Classics already lining up for car club show Sunday
Some classics will be out front while their owners work behind-the-scenes.
They'll join the impressive display of vintage vehicles provided by organizers of this Sunday's Beldenville Old Car Club Show. The 29th annual show on the Pierce County Fairgrounds in Ellsworth begins at 8 a.m.
"We usually get anywhere from 500 to 750 cars and trucks," John Losgaard of the club said Wednesday.
A preview sampling of the attractions the public can expect during the show appeared outside the car club's building at the fairgrounds last week, supplied by those working members and arranged by Losgaard. The variety ranged from his own 1929 Model A Roadster replica to a 1972 Chevrolet Impala.
To carry a collector's plate, a vehicle has to be at least 20-years-old, he said; for an antique plate, it must be at least 30. Under the special plate on his 1929 Shay as part of the holder is a "car graveyard marker" engraved with Losgaard and wife Barb's names, made by Lowell Bystrom.
But the Shay has plenty of life left in it. He said the replica built by Ford 26 years ago carries 5,500 original miles. It features all the old-time accessories, including a rumble seat, plus several new ones, such as turn signals and four-wheel disc brakes.
Although the car was sold through Ford dealerships, he bought this one from a private owner, Losgaard said. It had been cared for by the late Bill Carr of Ellsworth, whose wife Ann agreed to sell it to him after her husband died.
"I'd been trying to buy it for four years," he said, adding he thought the purchase made an ideal gift for he and his spouse's 39th wedding anniversary.
The Shay's fiberglass contrasted with the all-steel body of a 1930 Ford Model A two-door sedan parked next to it, owned by Doug Stockwell. No replica, this set of historic wheels with a four-cylinder engine above has 63,000 original miles. Stockwell said an admirer who'd climbed underneath the restored '30 to take a closer look told him everything on it is "correct."
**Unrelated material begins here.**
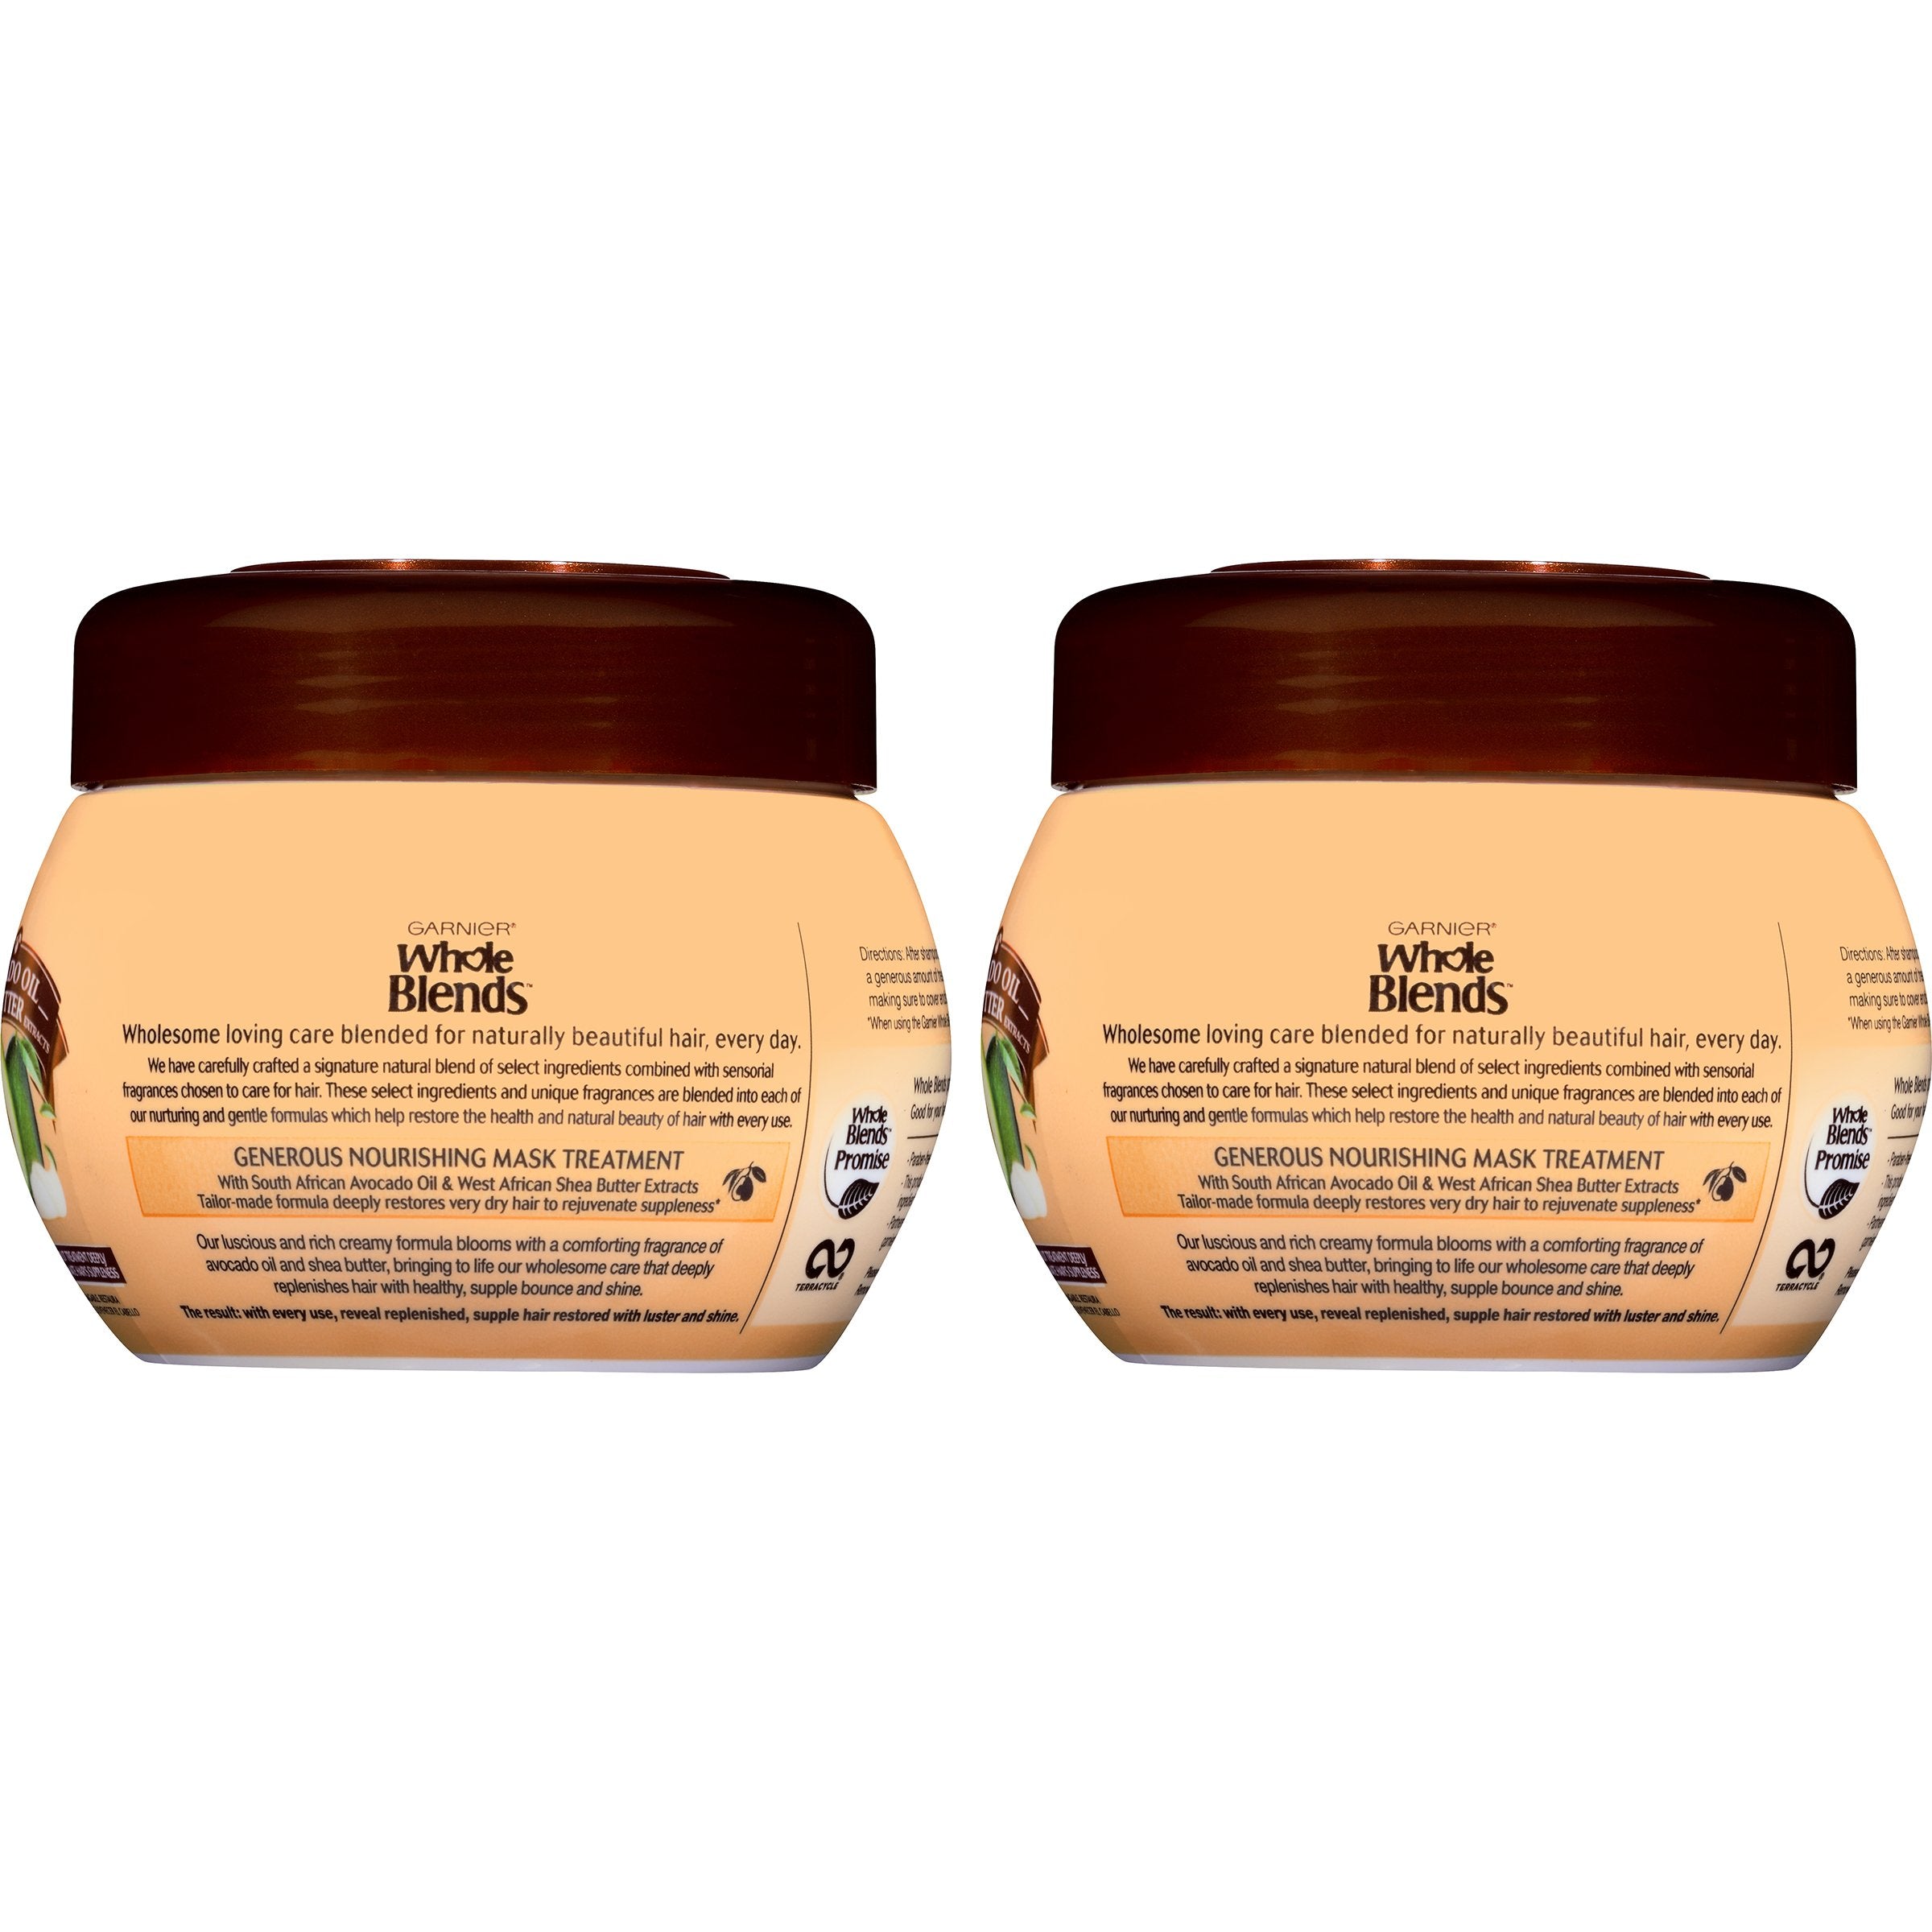 Garnier Whole Blends Hair Mask with Avocado Oil & Shea Butter Extracts, 2 count-CaribOnline

The present owner knew the Sebion boys drove it when it was much newer.
"I rode in it when I was 13- or 14-years-old," he remembered, showing a looped device on the headliner George Sebion had used as a "hat rack."
Since then, Jerry Radkey bought it in 1961 or '62, Stockwell said. A couple of years ago, he got it from Butch Gilbertson.
The 1949 Studebaker Commander shown by John Geister nearby represents a departure for its owner. Geister's mostly been into Chevys when it comes to classics, having a '57 Chev ever since he graduated from high school and also owning a '58.
He got the Studebaker five years ago in Osseo, from a young man who'd originally bought it for his father, said the 35-year club veteran. The whitewall-tired Commander is nonetheless a common man's car, powered by a flathead six. Appointments from the past include suicide doors and a visor over the windshield.
A blend of the old and new is embodied by Dick Dukakis' 1954 Ford pickup. Shortly after he got it at an estate sale in the Twin Cities five years ago, he had it repainted light yellow. Then, the former Marine had symbols of the Corps added, including the official seal, the legend "Semper Fi" and the Stars and Stripes.
"I drive it all the time," he said, noting he has a 1963-1/2 Ford Galaxie at home, too. "I take them to parades."
The mechanical work had already been done on the street cam, according to its present owner. All stock, the stepside pickup contains a straight six with a split manifold that gives it a quiet running sound, he said, aware it will do up to 80 mph. It's outfitted with a hand choke and a hood scoop, among other extras.
The newest in the lineup was driven by Bill Leonard of Plum City. The white-over-red '72 Chevy Impala came from one of Leonard's friends in Iowa County 10 years ago, he said. A cousin's boy did the body work, for which new panels were bought. A 350 engine is under the hood.
"It's a nice cruisin' car," he said.
Leonard, who's responsible for the swap spot during the car club show, owns several classics. He also has a '31 Chevy, a '50 Studebaker and a '61 Thunderbird.
Sunday's show will offer 15 classes and 78 trophies. Besides cars and trucks from the past, there will be an antique tractor display and farm toy show.
New this year to the array of refreshments will be homemade ice cream by Jerry Van Heukelom; returning favorites are Al's Kettle Corn, Stockwell's Maple Treats, plus roast pork sandwiches, lunch and beverages. Breakfast will be available Sunday morning.